BEGIN

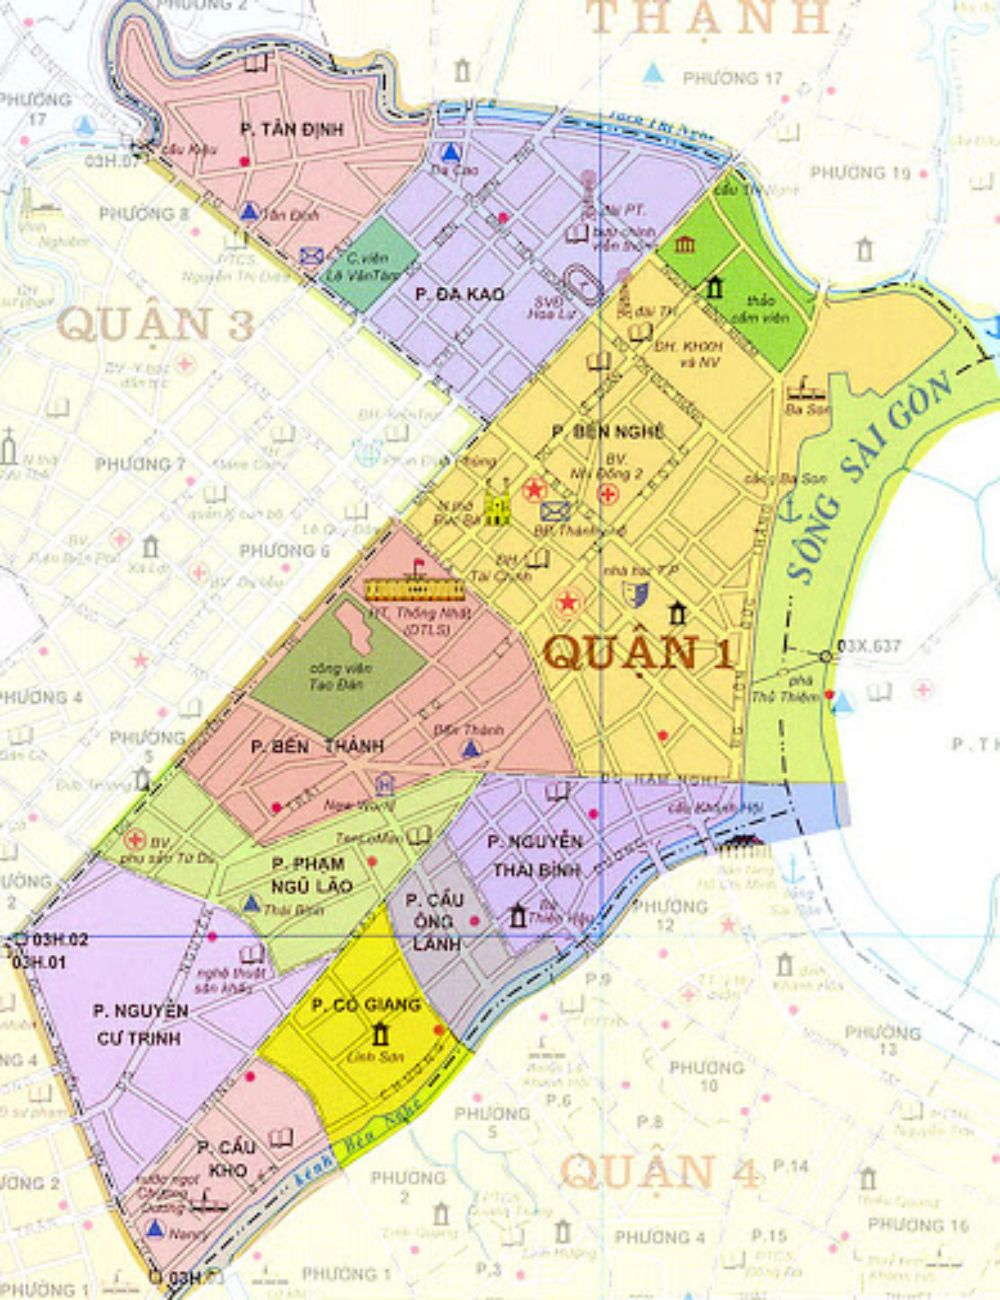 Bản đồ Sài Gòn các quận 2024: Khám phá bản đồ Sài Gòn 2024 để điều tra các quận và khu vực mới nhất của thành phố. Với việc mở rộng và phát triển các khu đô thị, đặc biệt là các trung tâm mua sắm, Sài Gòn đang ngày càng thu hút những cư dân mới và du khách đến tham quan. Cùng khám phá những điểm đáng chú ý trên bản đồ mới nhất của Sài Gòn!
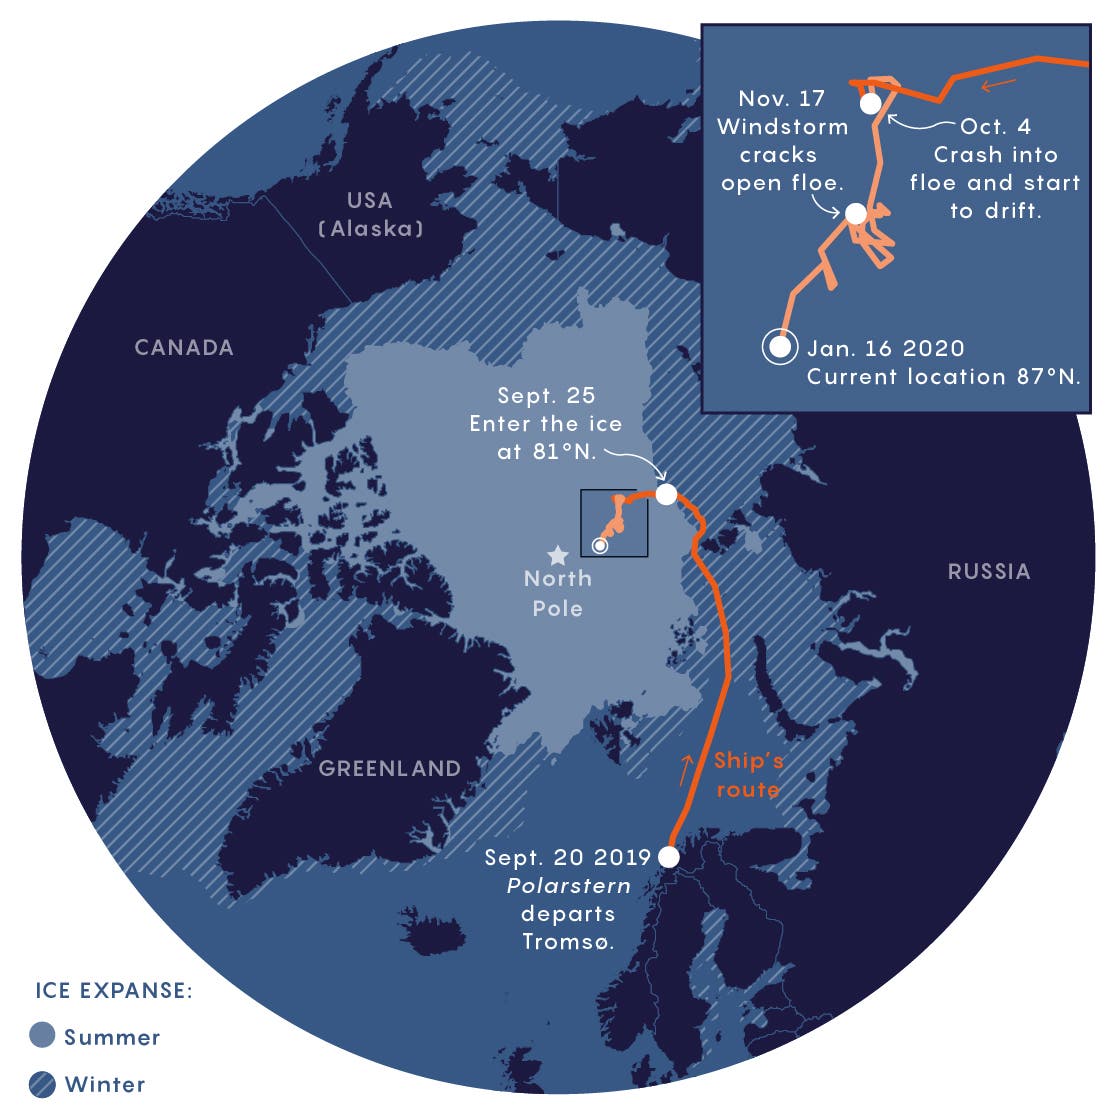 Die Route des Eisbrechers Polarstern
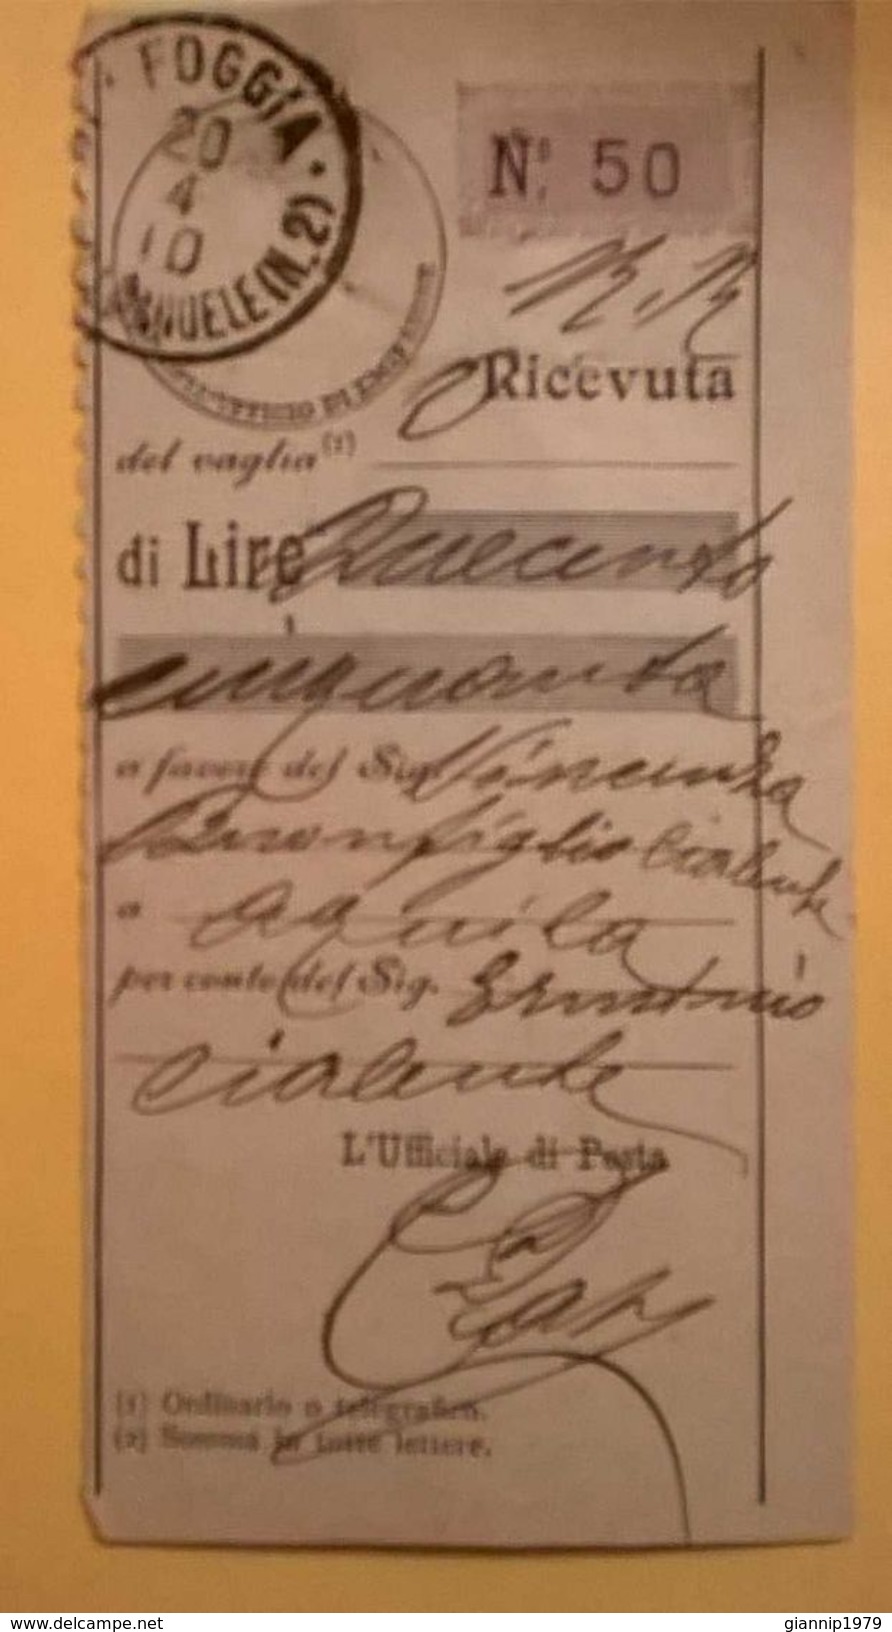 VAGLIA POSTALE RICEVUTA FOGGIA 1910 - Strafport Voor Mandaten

END

Prompt
When copying the listing, print each line exactly but leave out every picture.

Result of the exercise
 Bản đồ Sài Gòn các quận 2024: Khám phá bản đồ Sài Gòn 2024 để điều tra các quận và khu vực mới nhất của thành phố. Với việc mở rộng và phát triển các khu đô thị, đặc biệt là các trung tâm mua sắm, Sài Gòn đang ngày càng thu hút những cư dân mới và du khách đến tham quan. Cùng khám phá những điểm đáng chú ý trên bản đồ mới nhất của Sài Gòn!
 Die Route des Eisbrechers Polarstern
 VAGLIA POSTALE RICEVUTA FOGGIA 1910 - Strafport Voor Mandaten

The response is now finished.